Heat and moisture exchangers (HME) are used after laryngectomy to help reduce breathing restrictions and compensate nasal functions.

==Procedure==
During a total laryngectomy, the entire voicebox (larynx) is removed, which leads to a permanent disconnection of the upper and lower airways and a permanent tracheostoma (a breathing hole in the neck). Prior to the operation, breathing primarily occurs through the nasal airways. In the upper airways, the inhaled air is warmed up or cooled down, to prepare the optimal temperature before the air reaches the lungs. After a total laryngectomy, the upper airways are bypassed and breathing in and out occurs through the tracheostoma in the neck which means that the inhaled air flows directly into the lungs. These anatomical changes lead, among others, to changes in voice production, breathing, and olfaction. The nasal functions of regulating the temperature, humidifying, and filtering of the inhaled air are lost. The lack of these functions impairs the lower airways and the activity of the cilia, which leads to pulmonary problems such as tracheobronchial mucus, excessive sputum production, crusting, which can also cause fatigue and shortness of breath. To at least partially reduce these restrictions and compensate the nasal functions, an HME cassette can be attached over the tracheostoma to provide a means for conditioning, humidifying and to a certain extent filtering the inhaled air.

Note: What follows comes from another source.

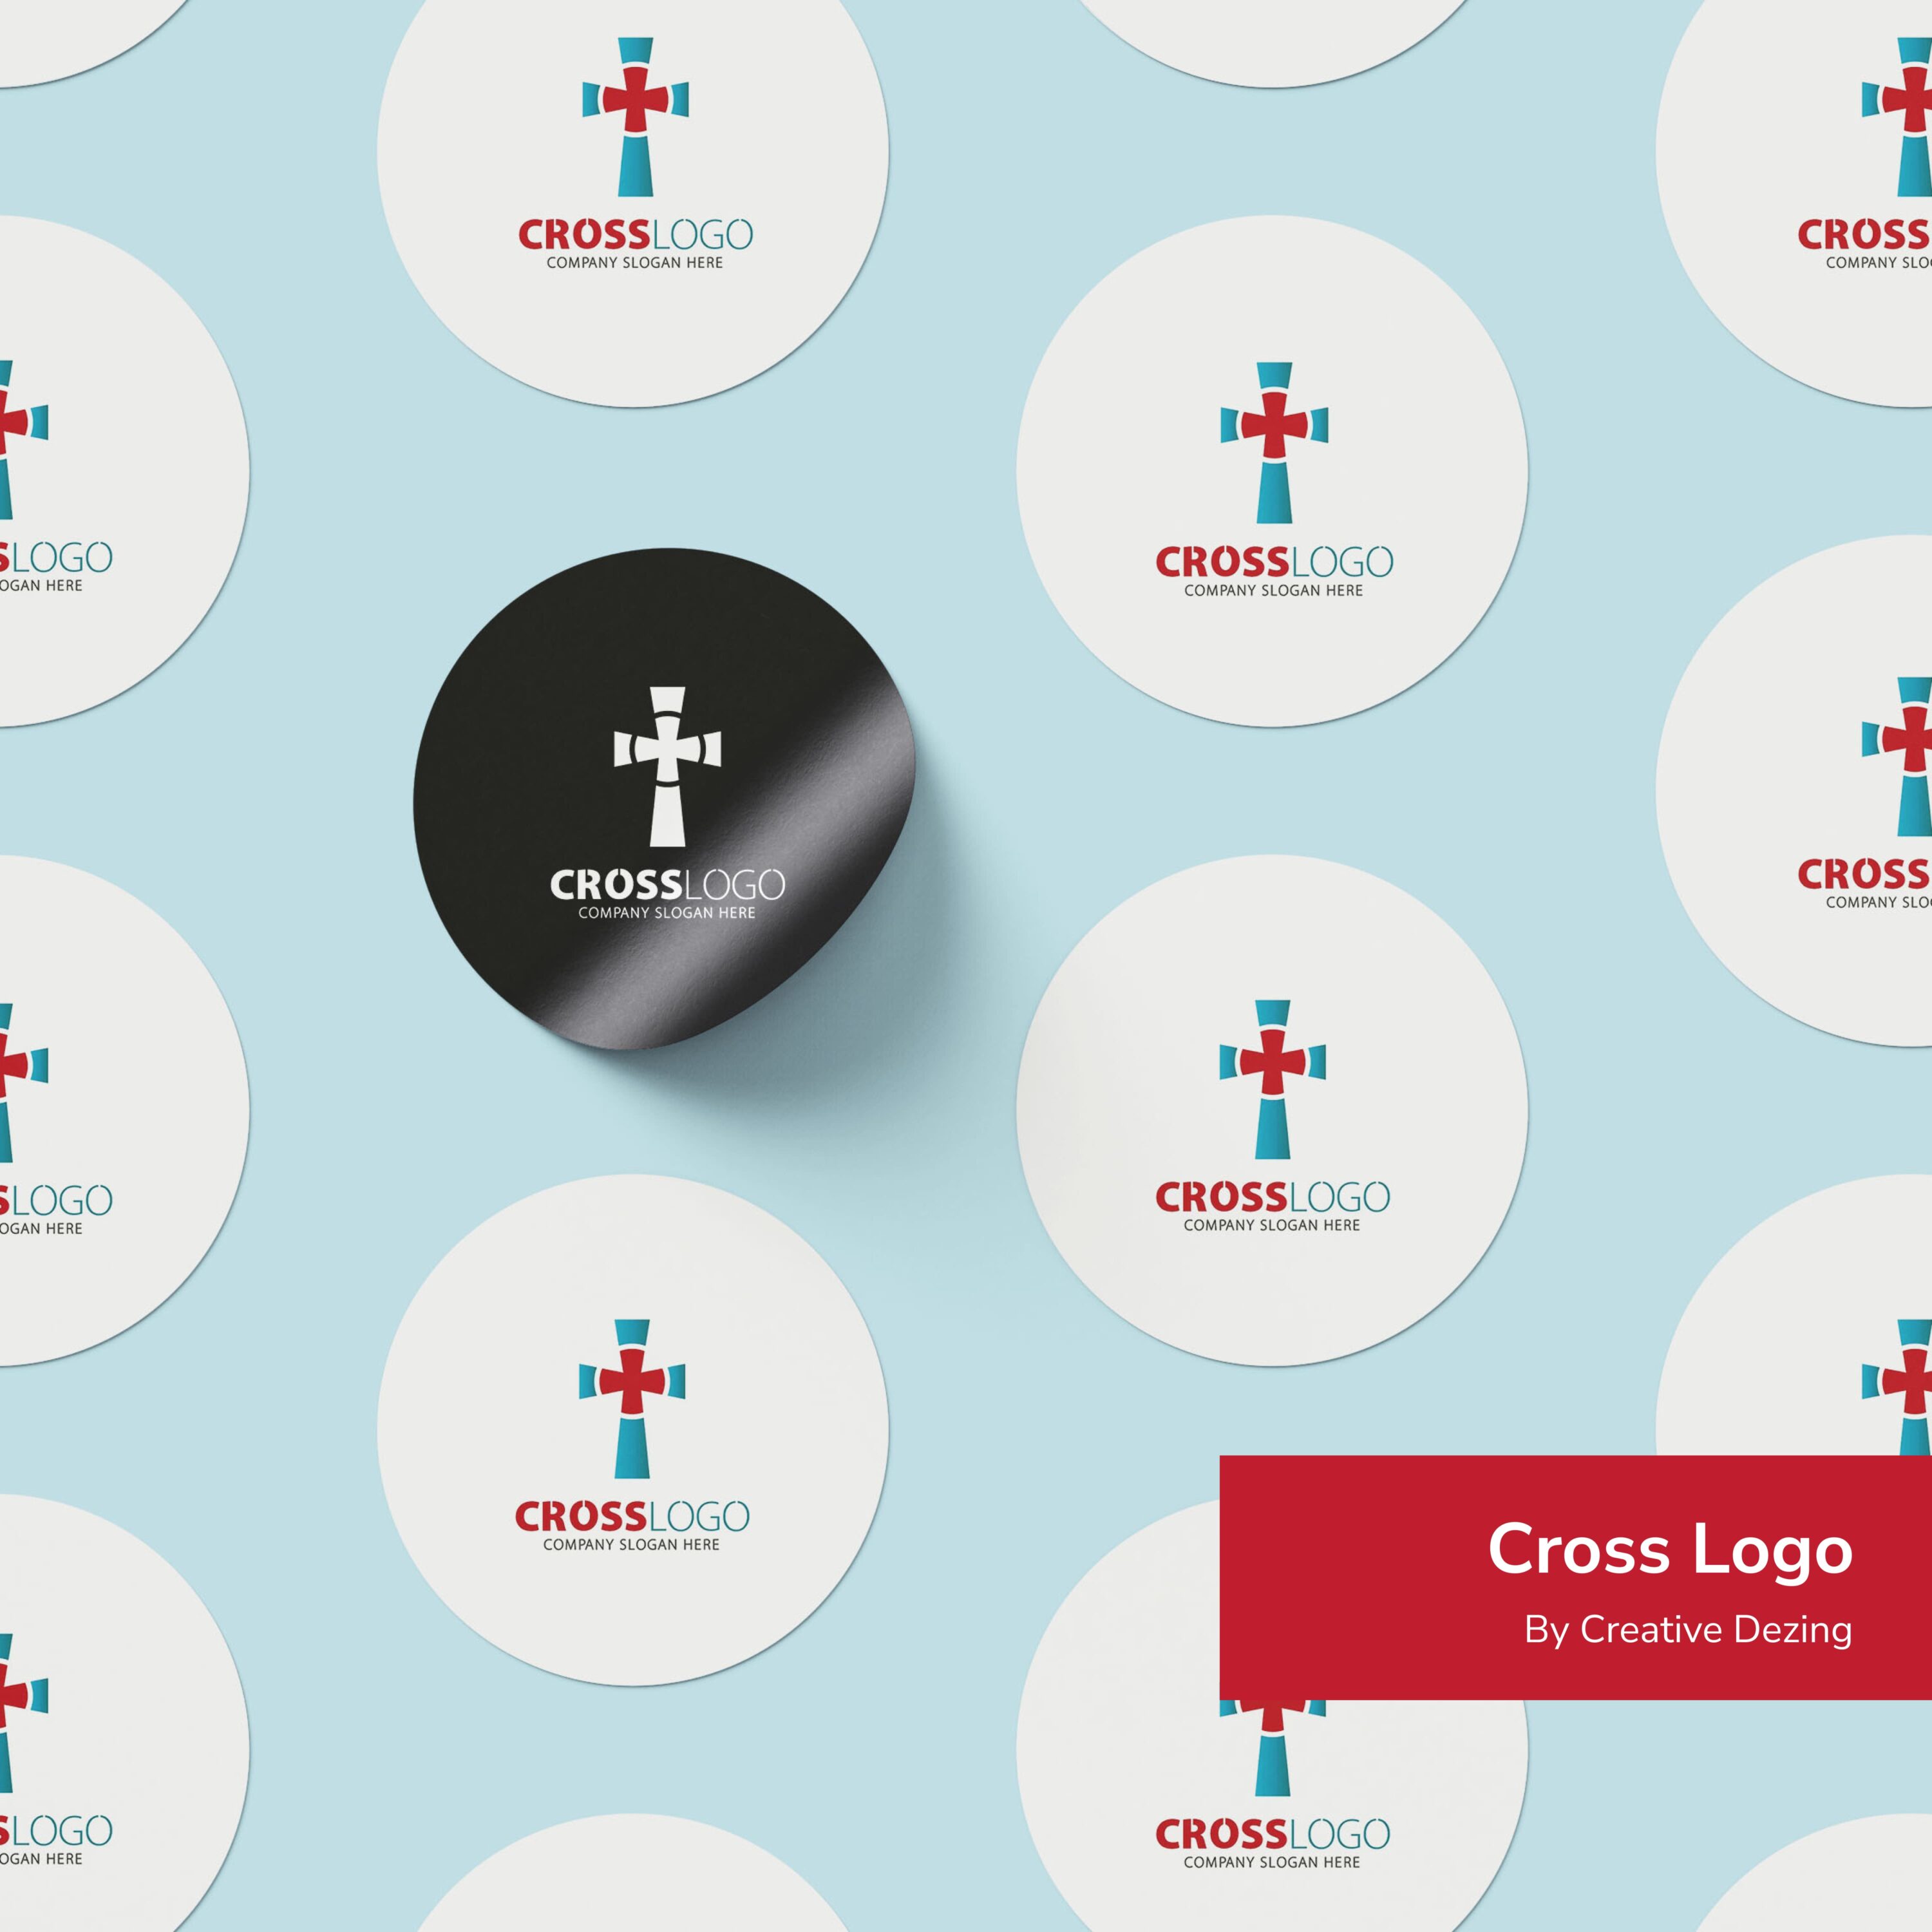 Cross Logo cover.

==Pulmonary function rehabilitation==
With the regular use of an HME cassette over a couple of weeks, the pulmonary functions can be significantly improved in the majority of patients regarding reduced sputum production, reduced forced expectoration in order to clear the airways, and thereby reduced stoma cleaning. This is due to improved ventilation and blood oxygenation values, which leads to a better ciliary activity and thus more efficient coughing for mucus clearance from the trachea. Studies show that with regular and enduring use of an HME cassette, pulmonary complaints decrease, regardless of country and climate. These improvements can affect voice pitch, loudness and intelligibility, and on sleeping disorders and fatigue, which is often related to pulmonary problems.

==Attachment==
HME devices can be attached to the tracheostoma in two different ways: peristomally, by use of a base plate, to which the HME can be attached, and intraluminally, by putting the HME into a laryngectomy tube or a stoma button.
Adhesive baseplates come in different shapes and properties to meet the users’ differences in anatomy and skin types.

Peristomally through an adhesive on the neck surrounding the stoma
There is a variety of adhesive baseplates, that can be used to attach the HME and products that are recommended for proper application and removal of the adhesive complement the portfolio.

Intraluminally through a device that is inserted into the tracheostoma
Some laryngectomized patients require a laryngectomy tube to maintain stoma patency, especially in the early postsurgical days and during postoperative radiotherapy. A stoma button is primarily used in stomas that are shrinking. This is the preferred solution for many users, but there has to be a tight lip that holds the button in place.

==Device lifetime==
Most patients use one adhesive per day and 1-2 HME cassettes per day.

==Voice prosthesis and HME==
An individual combination of voice prosthesis, HME, and attachment is important for good speech and pulmonary rehabilitation.